Anxiety grows in Ecuador amid search for 4 teenage boys who went missing on Dec. 8 after going out to play
Anxiety is increasing in Ecuadorafter the discovery of four charred bodies near a military base, amid fruitless searches to locate four minor boys who had gone to play and disappeared on December 8, during a military operation in the western part of the country.
The Inter-American Commission on Human Rights (IACHR) expressed “concern” over the disappearance of the four children, aged between 11 and 15.
For their part, the United Nations High Commissioner for Human Rights and UNICEF demanded that Ecuador “exhaust all the mechanisms at its disposal to investigate the facts” in a “thorough, swift and impartial” manner.
Saul Arboleda, Steven Medina and brothers Jose and Ismael Arroyo had gone to play soccer south of Guayaquil in the southwestern part of the country on December 8.
They never came back.
Luis Arroyo, the father of the two brothers, revealed to the media that on the night his children disappeared, he received a call from someone who gave him Ishmael. Soldiers “chased us, blew us up, beat us,” the child told the father.
The Arroyo family says they were then sent two addresses via WhatsApp – one, in the town of Taura, corresponding to a military base.
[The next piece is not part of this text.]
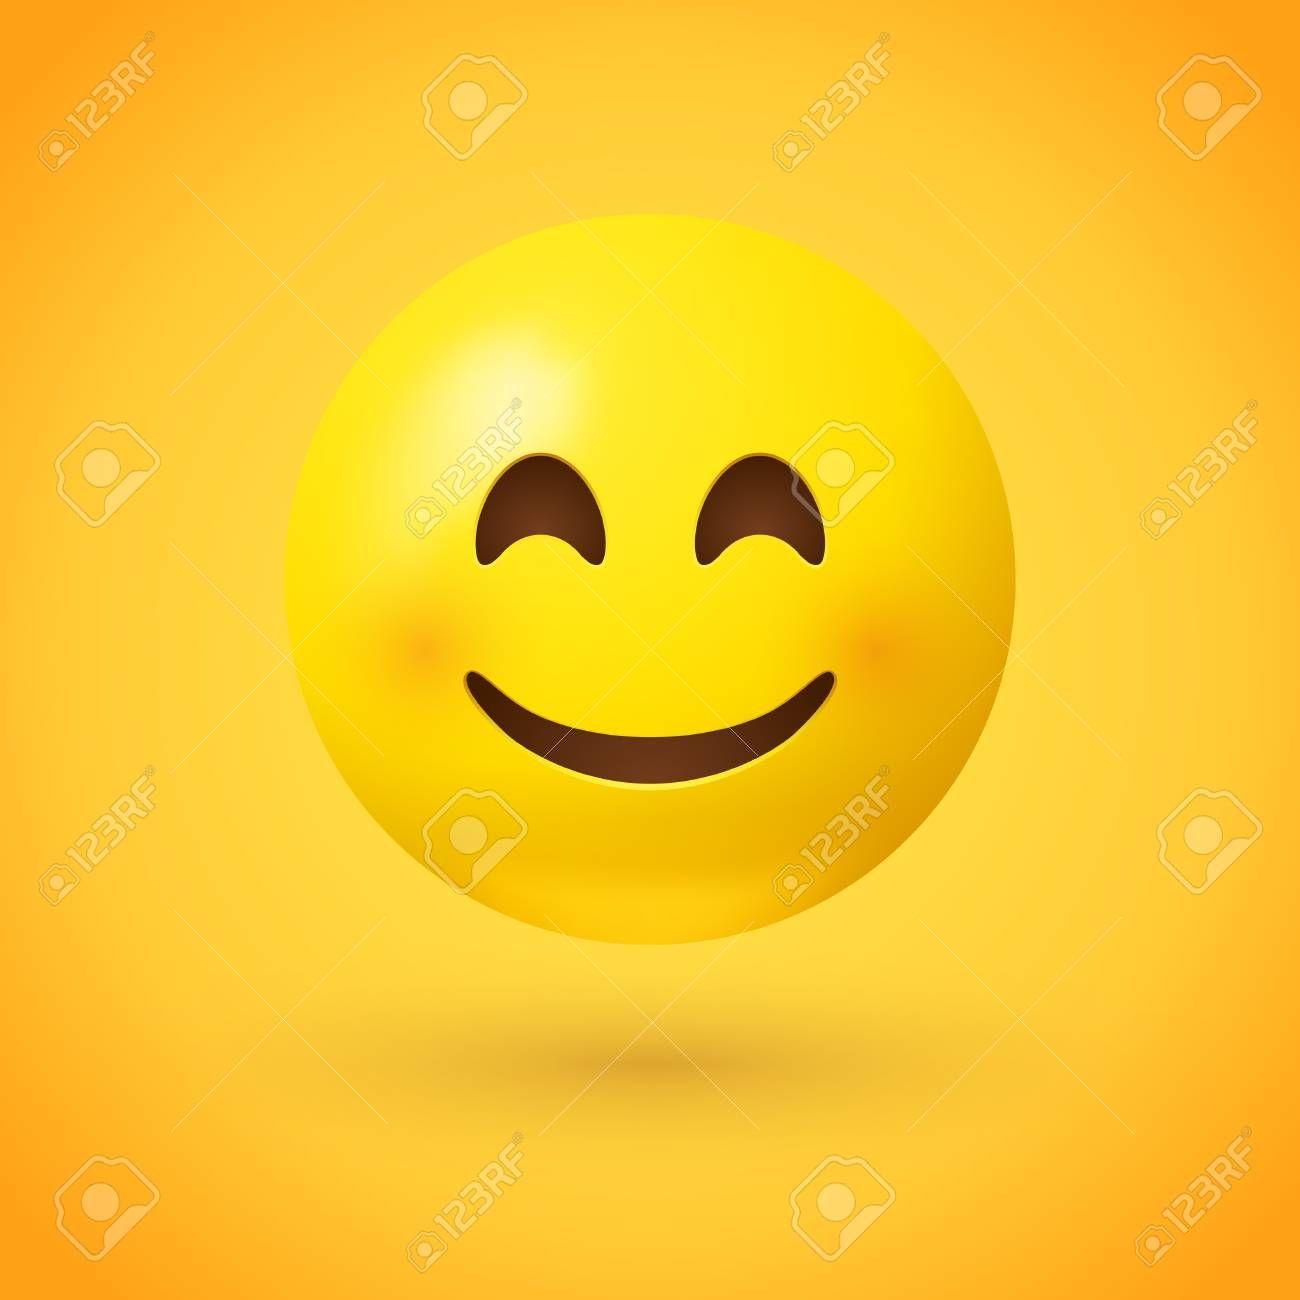 Smiley Emoji Wallpaper For Whatsapp Status Smile Face

Then, during another telephone conversation, someone suggested to him that the children were “taken by the mafia”.
On Tuesday, after the justice ruled that this case was an “enforced disappearance”, four bodies were found in a marshy area, near the military base in Taura, according to media.
In unverified video released by parliament, soldiers are seen driving one of the teenagers into a vehicle and beating him, while another boy is lying face down in front of the car.
The bodies found are completely “decomposed,” which likely makes them extremely difficult to identify, Billy Navarrete, executive director of the Guayaquil Commission for the Defense of Human Rights, which supports the parents of the missing teenagers, warned reporters.
The families were asked to report to the Guayaquil mortuary on Christmas Day.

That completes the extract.